- Genre: Music
- Country of origin: United Kingdom
- Original language: English
- No. of episodes: 1

Production
- Producer: Stewart Morris
- Production locations: BBC Television Centre, London
- Running time: 75 minutes
- Production company: BBC

Original release
- Network: BBC2 & BBC1
- Release: 6 November 1972

= Fifty Years of Music =

Fifty Years of Music was a one-off BBC Television production, broadcast to coincide with the BBC's Fiftieth Anniversary in 1972. Originally broadcast on BBC 2 on 6 November 1972, from 8:50 – 10:05pm, it was later repeated on BBC1 on 27 December 1972, at 5:45pm. The show was recorded in October 1972 at the BBC Television Centre and featured music from each of the five decades since the BBC's inception. The show's tagline was They Don't Write 'Em Like That Anymore!

The musical direction was provided by Alyn Ainsworth and the BBC Concert Orchestra. The Young Generation troupe provided dancing and vocal support, choreographed by Nigel Lythgoe

The artists taking part were:

Lulu, who performed songs from the 1920s. The 1930s were represented by Henry Hall with Alyn Ainsworth and the Orchestra recreating the big band sounds of the era. Vera Lynn and Cliff Richard sang hits from the 1940s, 1950s and 1960s, including many of their own chart successes, as well as other hits from the era.
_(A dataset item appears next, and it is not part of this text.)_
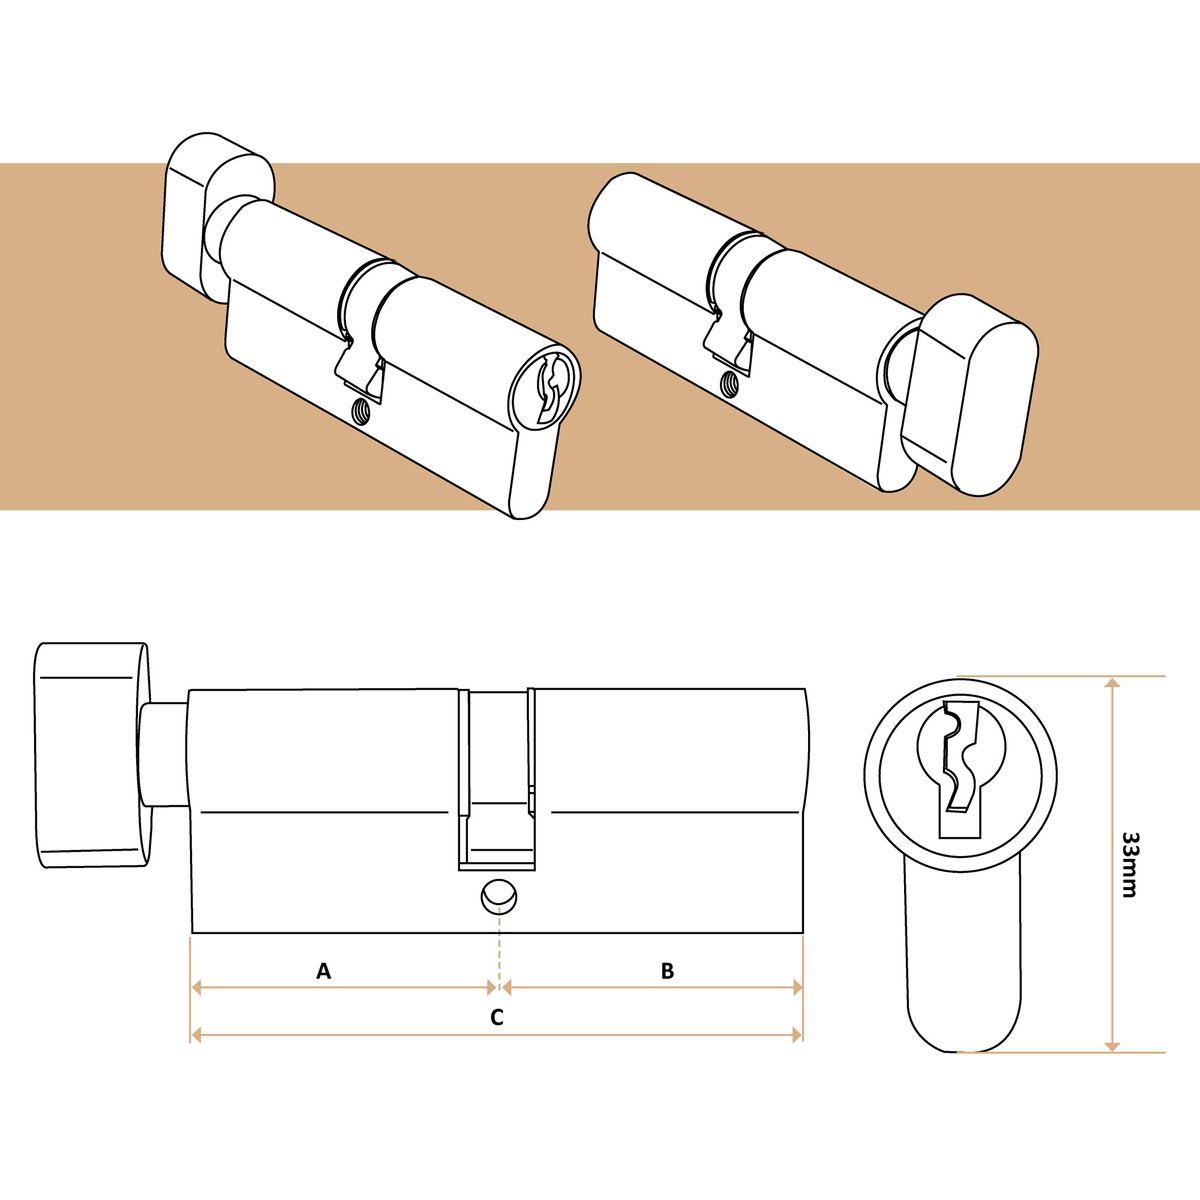 Schlie/ßzylinder mit Knauf Profilzylinder inkl T/ürschloss 3 Schl/üsseln 45 x 50mm Zylinderschloss

Gilbert O'Sullivan and The New Seekers covered the 1970s, while The New Seekers also performed a medley of songs from the 1950s to the 1970s, including songs by Nat King Cole, Perry Como, Teresa Brewer and The Everly Brothers. The show ended with all the participating acts singing parts of a song specially commissioned from Gilbert O'Sullivan, called "What Have We Got?"

The programme is listed as surviving in its complete form.